L'analyse des données historiques sur les feux, basée sur les documents judiciaires, les plans d'aménagement forestier, les vieux journaux et brochures, effectuée par trois universités dans différentes régions, a fourni une grande quantité d'informations sur les causes des incendies et les régimes des feux.

A la lumière des conclusions de ces études, une série de mesures visant à modifier le comportement des populations ont été définies. Certaines de ces mesures sont orientées vers des méthodes persuasives. D'autres sont destinées à changer les lois en matière d'utilisation des forêts et des terres. Un troisième groupe concerne les actions répressives.
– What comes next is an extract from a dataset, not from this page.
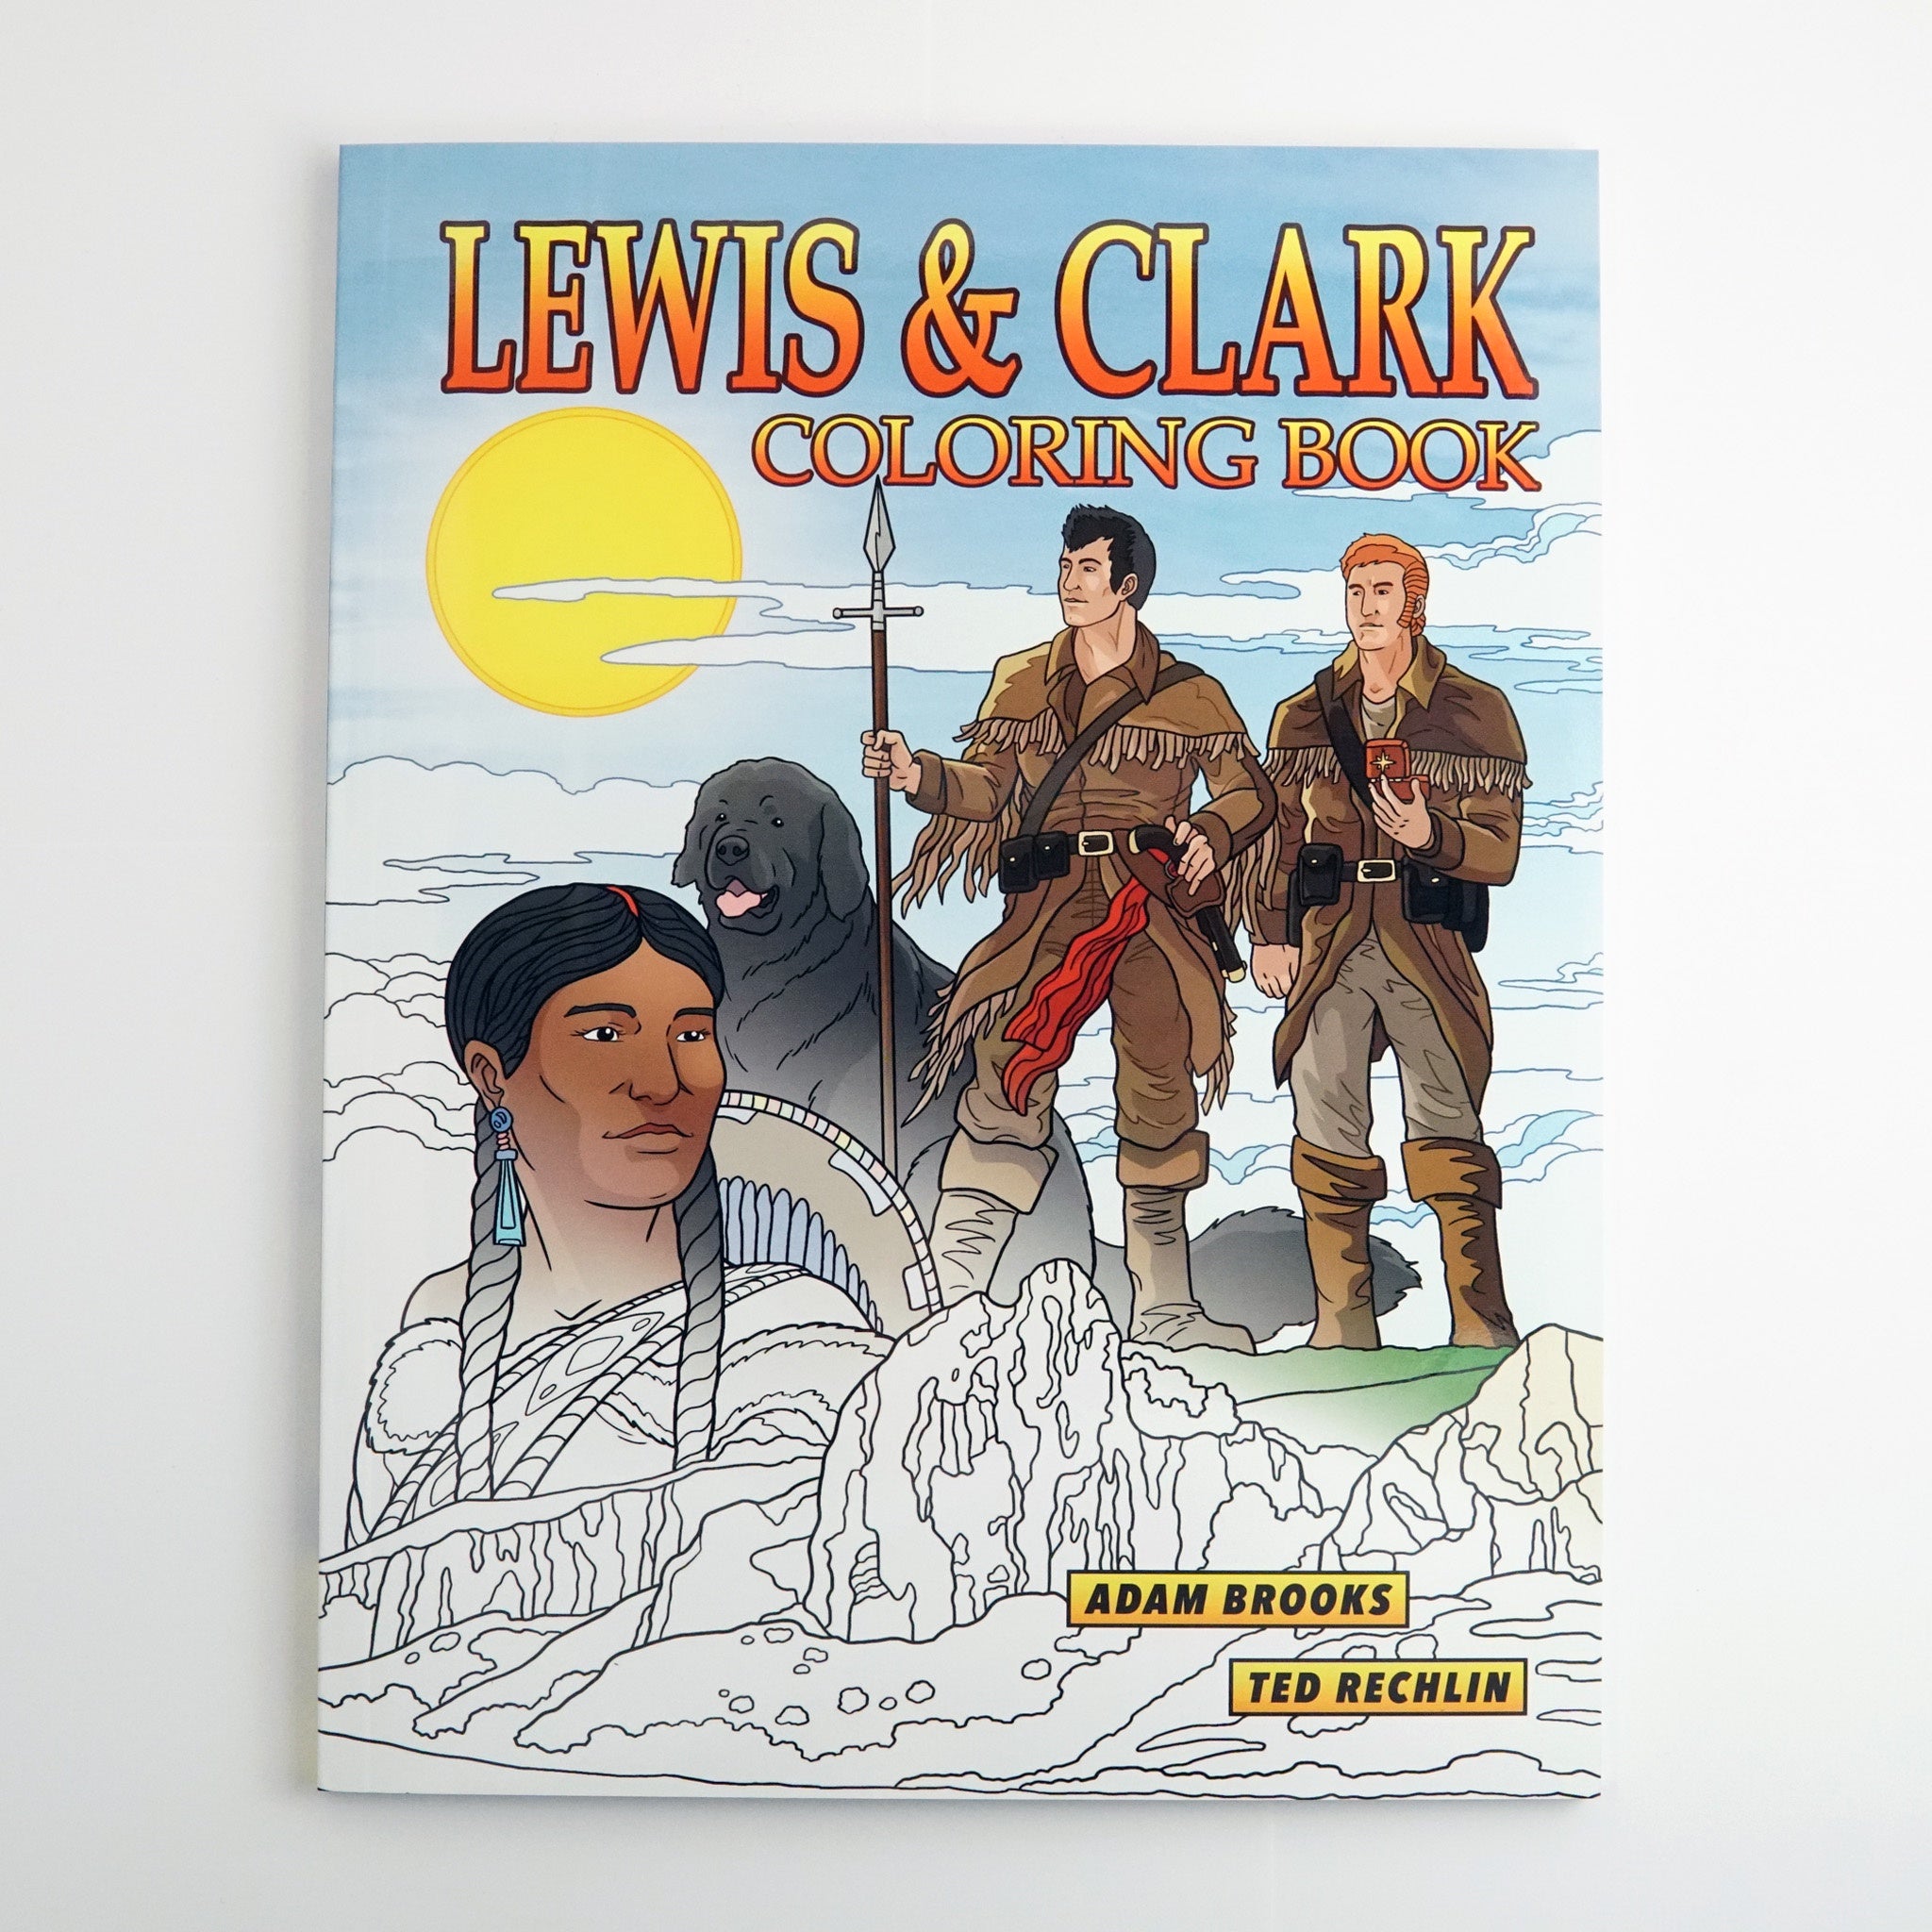 BKCL 17 LEWIS & CLARK COLORING BOOK BY A. BROOKS,  T. RECHLIN #21047281 D2 MAY23

Des études supplémentaires dans le domaine de l'économie rurale sont nécessaires pour expliquer la violence actuelle du problème des incendies de forêt. La diminution de la population rurale peut expliquer l'accumulation croissante des combustibles en forêt. Parallèlement, le vieillissement progressif de la population restante favorise le maintien des pratiques anciennes comme le brûlage incontrôlé. Les populations rurales pratiquent le brûlage en zone forestière depuis des siècles mais les incendies n'avaient jamais atteint les records actuels en terme de nombre d'incendies et de dégâts.

Un programme d'accords entre l'administration et les agriculteurs pour promouvoir le brûlage dirigé pourrait être un moyen d'empêcher les incendies de forêt dans la plupart des régions. D'autre part, l'augmentation des patrouilles mobiles dans les zones à risque représente un moyen efficace de réduire le nombre actuel des incendies d'origine criminelle.

Outre ces mesures, un programme permanent d'éducation pour éviter une mauvaise utilisation du feu dans les espaces naturels est en cours. Cette activité se décompose en campagnes ciblées pour chacun des groupes à risque: agriculteurs, bergers, promeneurs, chasseurs et enfants.

D'autres mesures politiques doivent être réexaminées pour éviter les effets connexes indésirables, tels que ceux dus aux subventions de l'Union européenne en faveur du bétail sous pâturage extensif et de l'abandon des terres. Le risque incendie doit être pris en considération dans la définition de ces mesures.

L'EXTINCTION DES INCENDIES: LES LOURDES CONSÉQUENCES DU TRANSFERT DE RESPONSABILITÉ DES SERVICES FORESTIERS À DES SERVICES STRUCTURELS DE LUTTE CONTRE LES INCENDIES

Au cours de la dernière décennie, les pays méditerranéens de l'Union européenne ont effectué des investissements très élevés dans la mécanisation (avions, camions citernes). Dans la plupart des cas, ceci n'a pas été intégré dans une politique forestière générale assurant aussi les investissements nécessaires dans les domaines de la sylviculture et de la sensibilisation du public. Ainsi, l'absence de mesures de prévention a souvent rendu inefficaces les efforts d'extinction des incendies lorsque les conditions environnementales étaient extrêmement rudes.

Il s'ensuit un cercle vicieux - prévention inefficace des incendies, coûts d'extinction élevés, augmentation du nombre des incendies - aux conséquences catastrophiques.

La situation peut même empirer lorsque certaines administrations tentent de résoudre le problème en transférant toutes les responsabilités de l'extinction aux services structurels de lutte anti-incendie.

Ces services travaillent habituellement avec un équipement mécanique et n'ont généralement aucune expérience de l'utilisation des techniques spécifiques de lutte contre les incendies de forêt (personnel, outils, systèmes d'attaque etc.).

La mise en application de cette politique a débouché sur plusieurs grands incendies (Marseille, France 1997; Catalogne, Espagne 1998; Athènes, Grèce 1998, etc.).

En revanche, il existe plusieurs exemples d'expériences positives en d'autres lieux (par exemple dans d'autres régions d'Espagne) où une coopération étroite entre tous les services se traduit par l'utilisation adéquate des ressources et une bonne performance du système dans son ensemble.

La mise en œuvre d'une politique intégrée de protection est une nécessité absolue; tous les moyens doivent être répartis de manière équilibrée entre la prévention et l'extinction des incendies, sous l'égide d'une politique forestière englobant l'ensemble des problèmes.